With the ringing in of the Olympics today, we launch our blog series ‘Diversity in Sport’. The series will explore issues of race, gender identity, sex, sexual orientation, religion and disability in sport. As the world comes to London for the mega-event, we need to question where we are today in living up to the Olympic spirit of inclusivity and diversity.
This is the first in the ‘Diversity in Sport’ series. In this post, Caitlin Fisher, delivers a TED talk on how female athletes negotiate spaces and recreate their identities in order to enter the still very masculine arena of sports. She discusses the case of women’s football in Brazil, the discrimination and marginalisation female football players have faced and what’s the way forward.
Transcript of Caitlin’s talk:
Let me just start by saying that this morning I wasn’t going to come here dribbling because I thought I’d be too nervous, which I was. And then at the last minute I thought it would be cool to enter juggling. So I ran across the street and I thought where am I going to get a football. There was a waiter standing outside the restaurant, I ran up to him and asked him if he had a football, does anyone have a football? He said hold on one minute and he ran inside and went back into the kitchen, spoke to the chef, spoke to someone back there and comes out of the kitchen with the ball. He handed it to me and he said “Go, go, go, go!”
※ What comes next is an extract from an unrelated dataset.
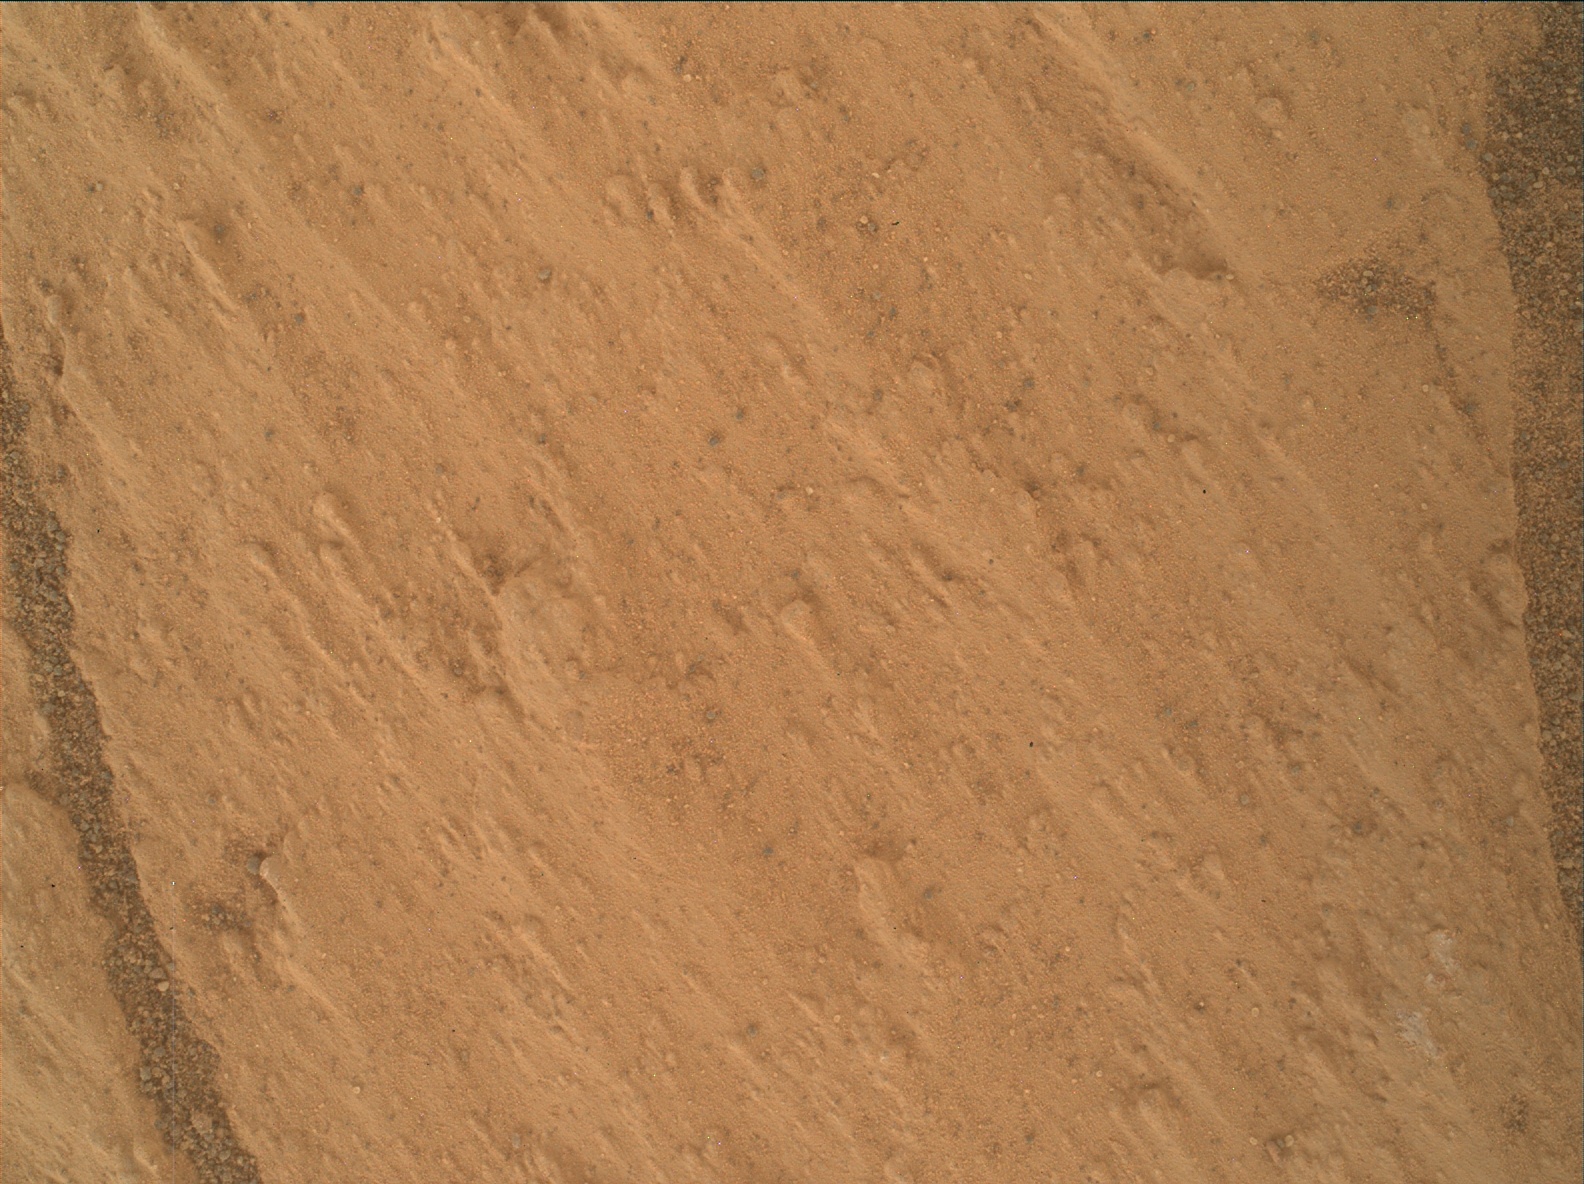 Nasa's Mars rover Curiosity acquired this image using its Mars Hand Lens Imager (MAHLI) on Sol 3329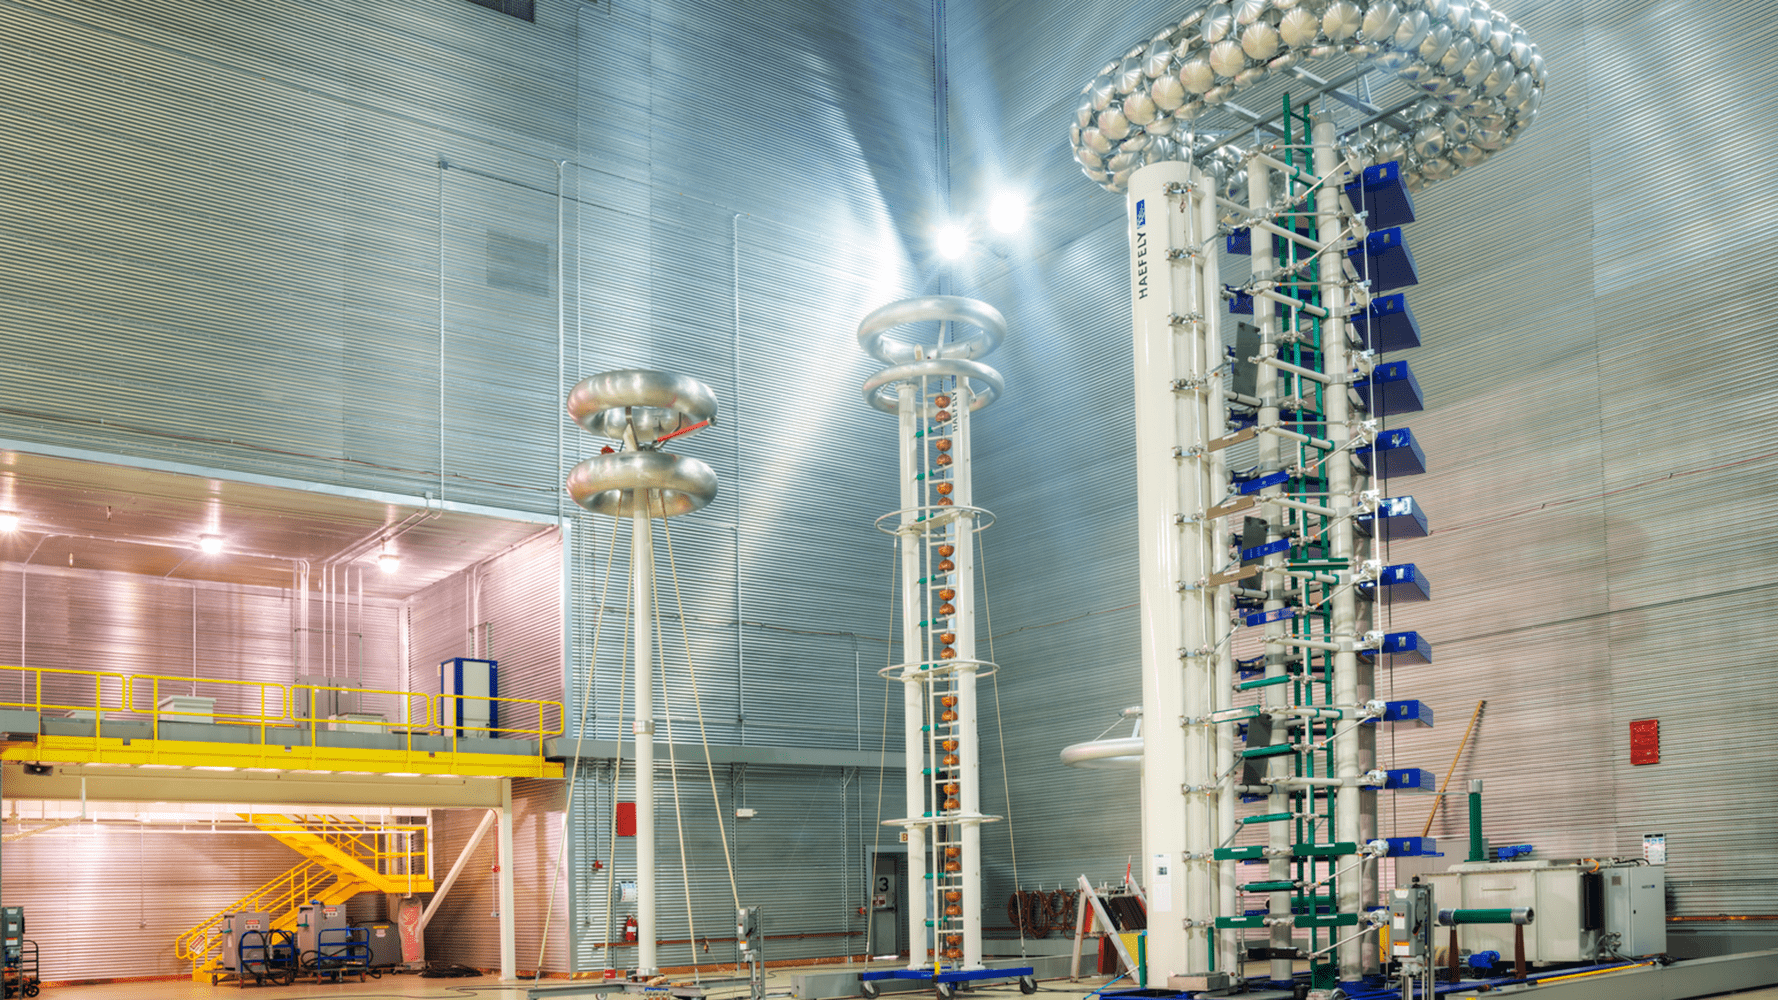 Interior of power plant with gray walls

I stand here tonight before you representing the voice of one among many female football players in Brazil, attempting to carve a space for ourselves within a historically male sport. I also stand here as a carrier of many of these voices and it’s a privilege to be here.
I first came to Brazil eight years ago to play professional football and it quickly became evident that the nation of football was not the nation of woman’s football. We wore the jerseys of the men’s team from seven years prior. We walked forty five minutes to get to practice, no bus, often tired feet by the time we got there. We stayed up late at night washing our uniforms by hand in outdoor sinks. We were fed different food than the men’s team. The only thing we had in common with the men’s team was our team name.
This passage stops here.